Hope olha para Jed, abaixando o nariz perfeito, e declara, com sinceridade:
– Você é um bundão.
– Não – responde ele, levantando-se e dobrando o corpo para expor o
traseiro. – Isto é um bundão.
– Ora, pelo amor de Deus! – grita Hope num tom estridente e exasperado,
olhando para mim como se fosse culpa minha, com aquele sorriso forçado
que diz: “Que amigos maravilhosos você tem.” As origens finas de Hope
não a prepararam para sujeitos como Jed, ou mesmo como eu, e tenho que
admitir que ela se adaptou de maneira admirável, em nome do amor. 11
– Vamos voltar para a cama – sugiro, pegando-a pela mão. Jed se joga
com força de volta no sofá, o couro peidando ao roçar sua pele, ou talvez ele
tenha mesmo soltado um pum, o que não seria nenhuma surpresa. Mas não
ficamos esperando para verificar. Ele liga a televisão e começa a explorar o
vasto deserto de programas da madrugada.
– Boa noite, Jed – digo para ele lá da escada, mas Jed já se foi, totalmente
envolvido pelo brilho hipnótico verde-azulado da tela de plasma de 52 polegadas, seu verdadeiro lar nos últimos dois anos.
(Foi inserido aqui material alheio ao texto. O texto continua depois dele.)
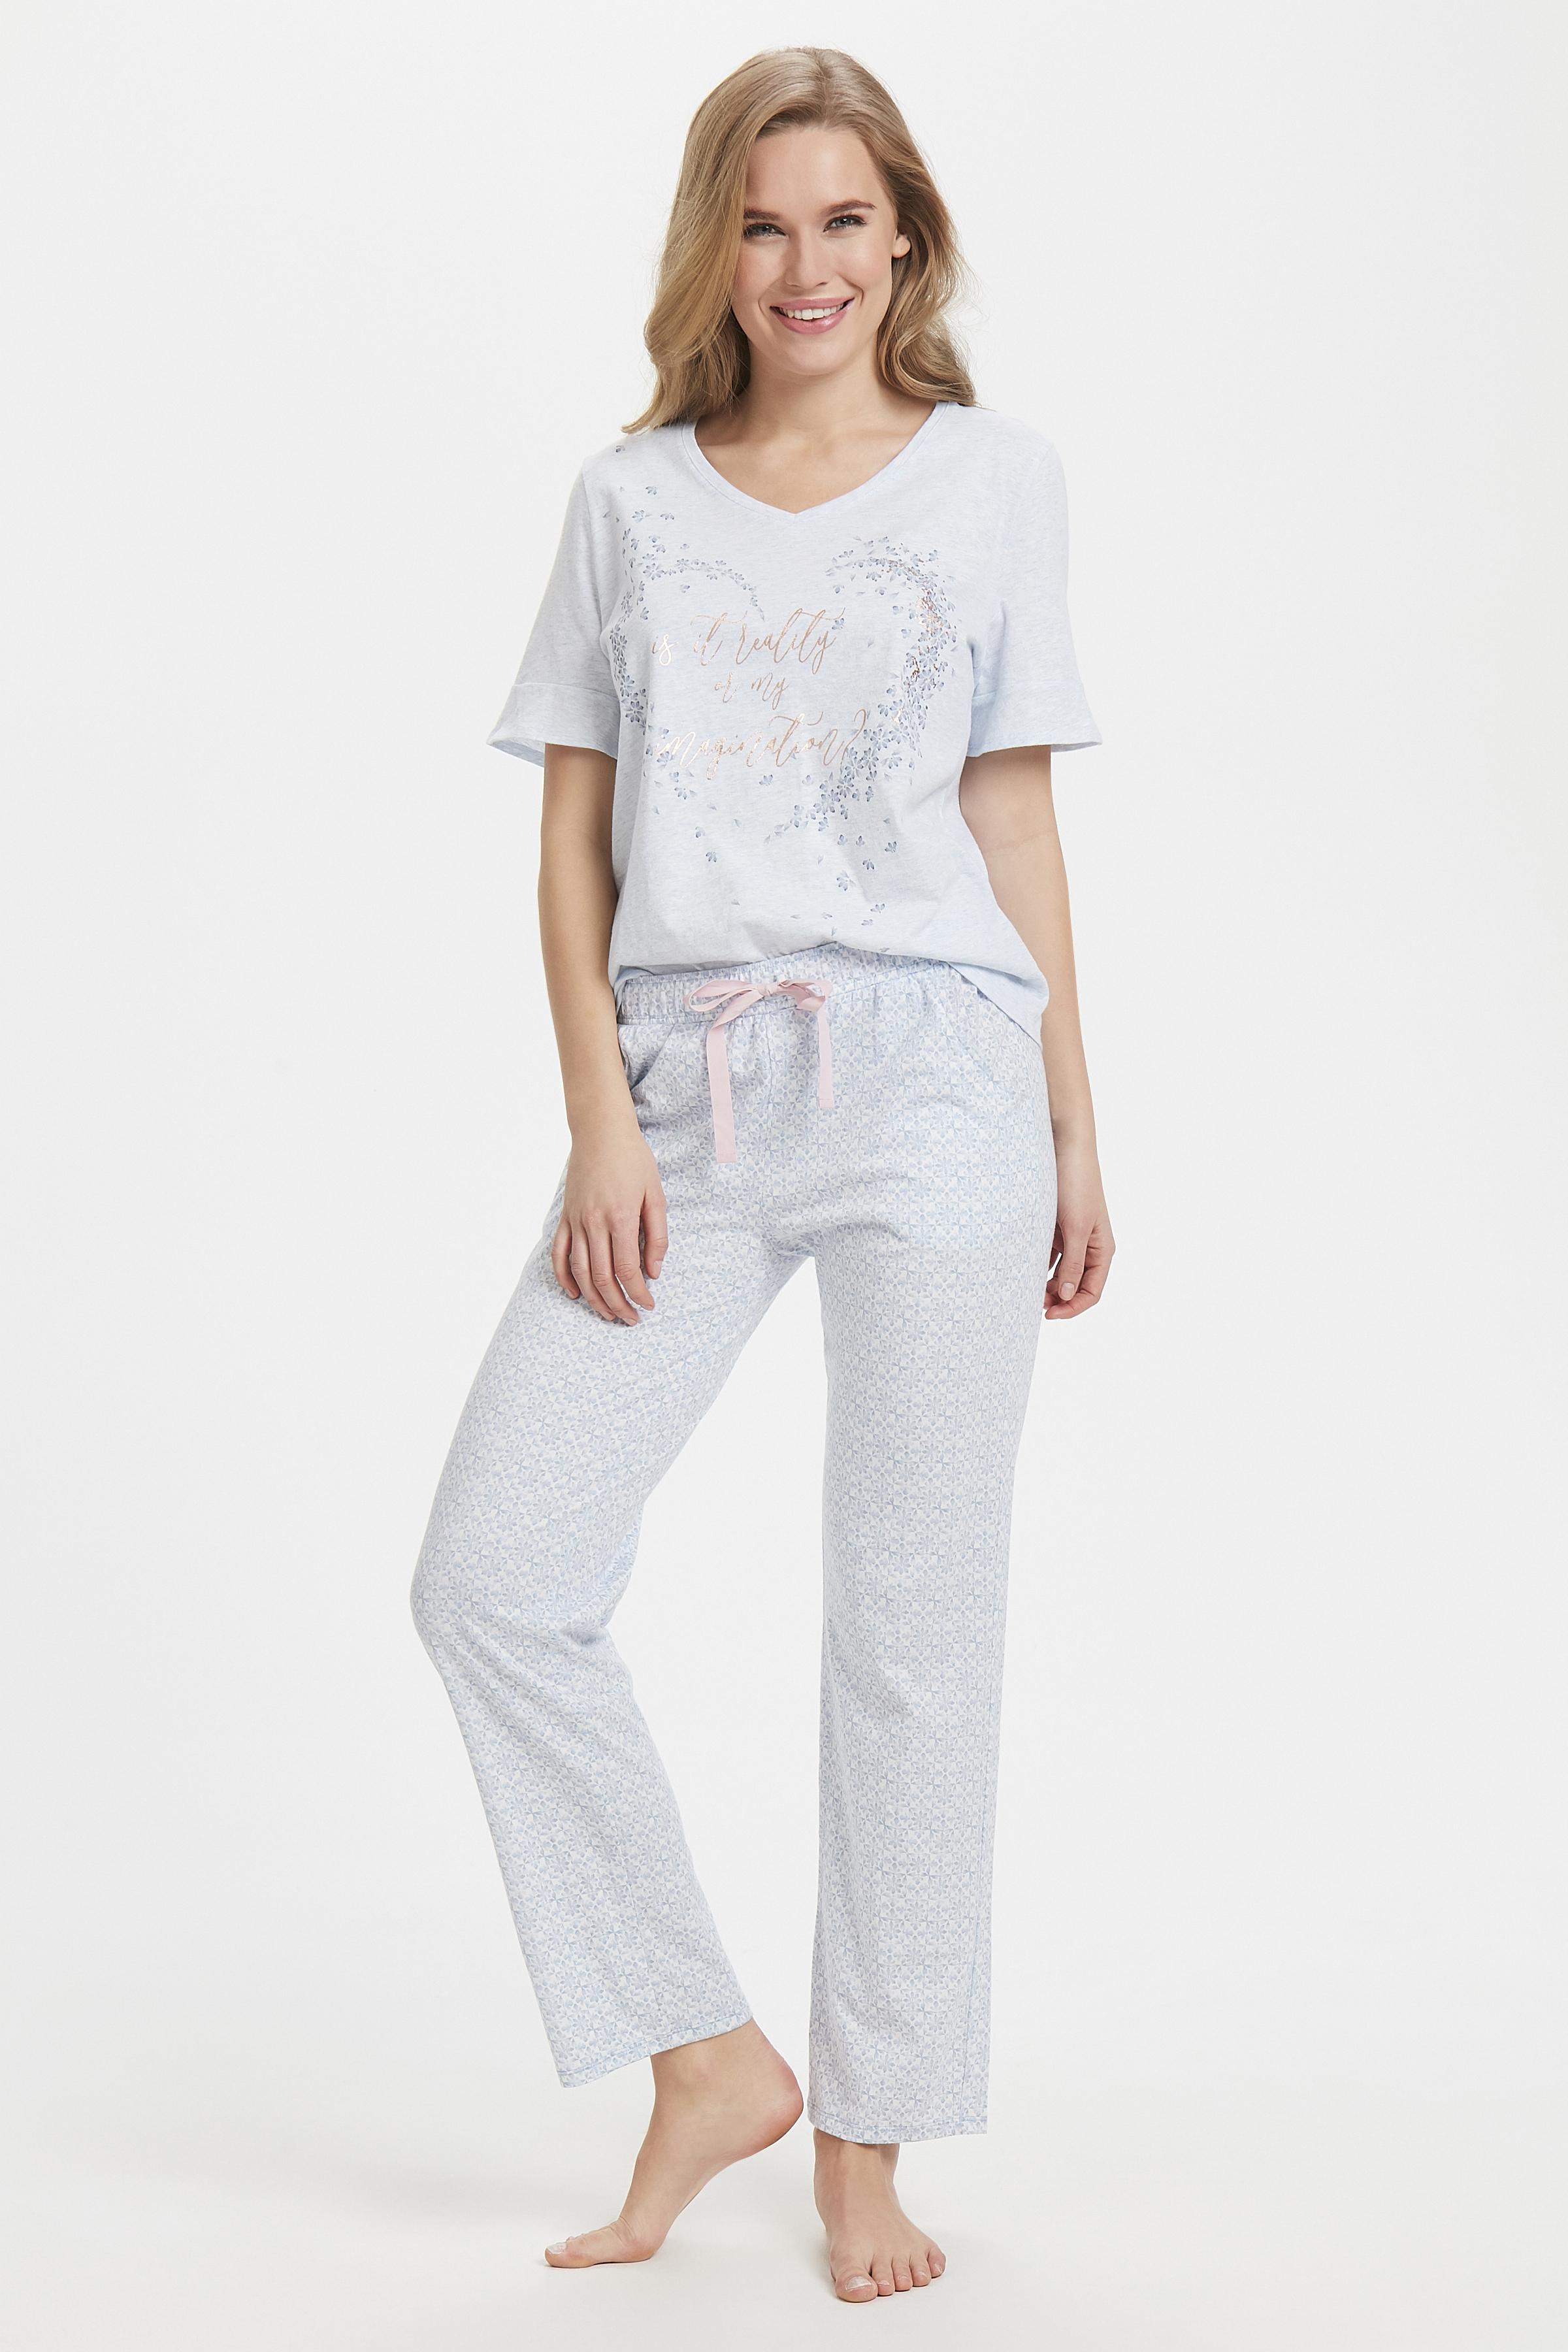 Ljusblå/off-white Homewear set från Triumph – Köp Ljusblå/off-white Homewear set från stl. 36-46 här

– Arquivo X – anuncia ele com entusiasmo. – Droga. Já vi este.
Jed vai ficar sentado ali até de manhã, o que dobra as chances de ele se
deparar com Chuck Norris. Em algum momento Jed vai cochilar, depois
tomar banho e pedir algo para comer no café da manhã, até que, satisfeito,
retomará sua vigília improdutiva.
De volta ao quarto, tento aproveitar nossa inesperada falta de sono e tirar o
pijama de Hope, mas, apesar de deixar minhas mãos perambularem alegremente por baixo da blusa, ela se recusa a tirá-la.
– Preciso trabalhar amanhã bem cedo – diz ela.
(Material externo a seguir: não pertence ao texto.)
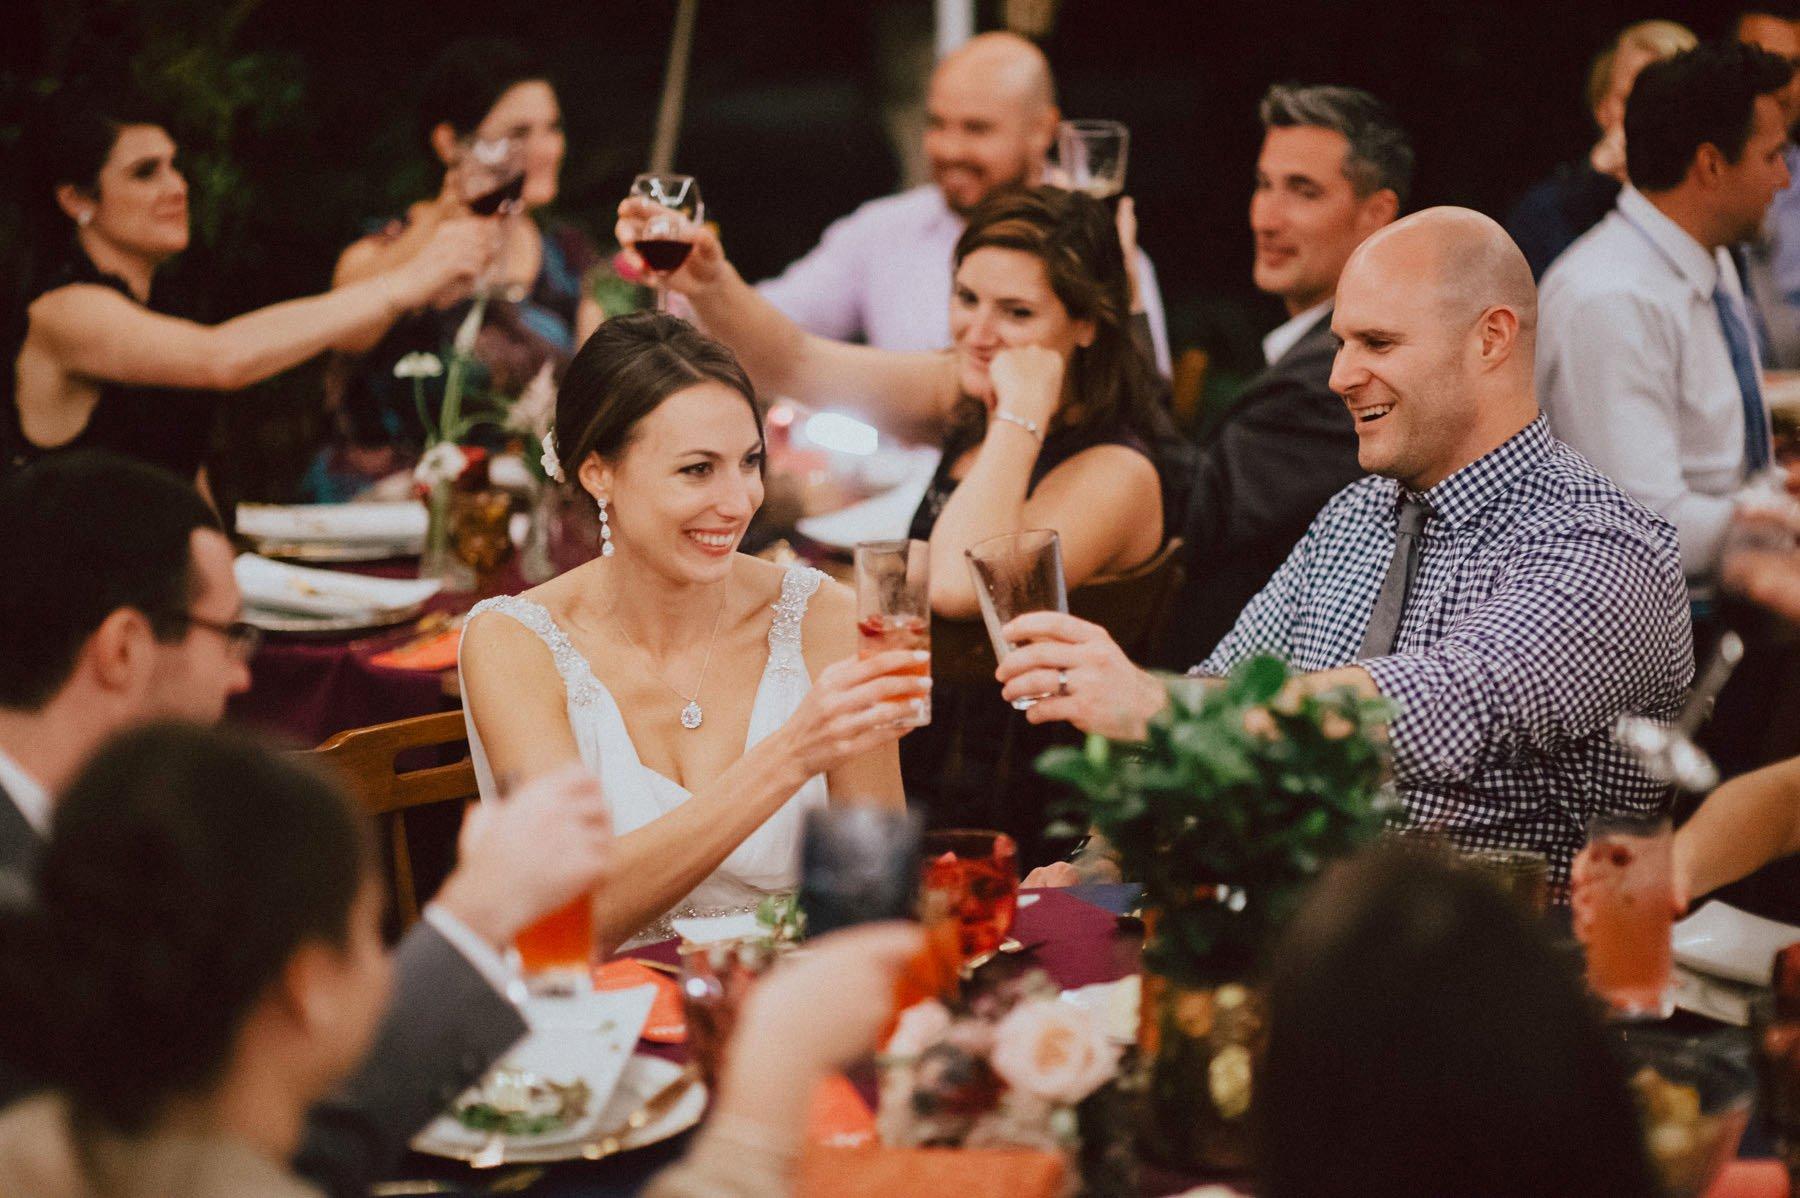 faunbrook-bed-and-breakfast-wedding-152.jpg

Tentando um movimento sedutor, acaricio seu seio esquerdo, friccionando o mamilo e deslizando a mão até o ponto onde a maciez termina e dá
lugar às costelas, e então subo de novo, o seio preenchendo a minha mão,
transbordando por entre meus dedos, como um bolo que cresce, quando
o pressiono para dentro. Hope possui o corpo mais fantástico que já tive a
permissão de tocar. Seu tronco longo e bem torneado é coroado por dois
seios extraordinariamente atrevidos, do tamanho de dois melões, cujos mamilos arredondados ficam de prontidão ao menor toque. As pernas são delgadas e musculosas, resultado do spinning praticado três vezes por semana
no Reebok Club, e acima delas repousa a bunda, como uma maçã pintada
por Magritte, firme mas deliciosamente complacente.
– Vamos lá – tento convencê-la, já me livrando da cueca do Gato Félix. –
Sexo de terremoto.
Ela me olha com ceticismo.
– Sexo de terremoto?
– É claro.
Posso passar a vida inteira catalogando o vasto manancial de diferentes
tipos de sexo que existem para serem praticados. Sexo com parceiro novo
(básico e sempre divertido), sexo no chuveiro (mais difícil tecnicamente do 12
que parece no cinema), sexo de amizade platônica depois da seca (o equivalente sexual à ração de emergência), sexo bêbado de cair (autoexplicativo),
sexo de motel (bagunce quanto quiser, já que não precisará limpar nada)
e sexo ao acordar (sem beijo de língua), só para citar alguns. Quando se trata
de sexo, meu adolescente interior assume o controle.
Hope não se deixa impressionar.
– Tenho um leilão amanhã – diz ela, retirando com firmeza a minha mão
de dentro do pijama.
– Você percebe que oportunidade rara é esta? – indago. – Quais são as
chances de acontecer outro terremoto em Manhattan?
– Um pouco maiores do que a chance de você conseguir sexo agora – responde ela enquanto boceja, vira para o lado e fecha os olhos.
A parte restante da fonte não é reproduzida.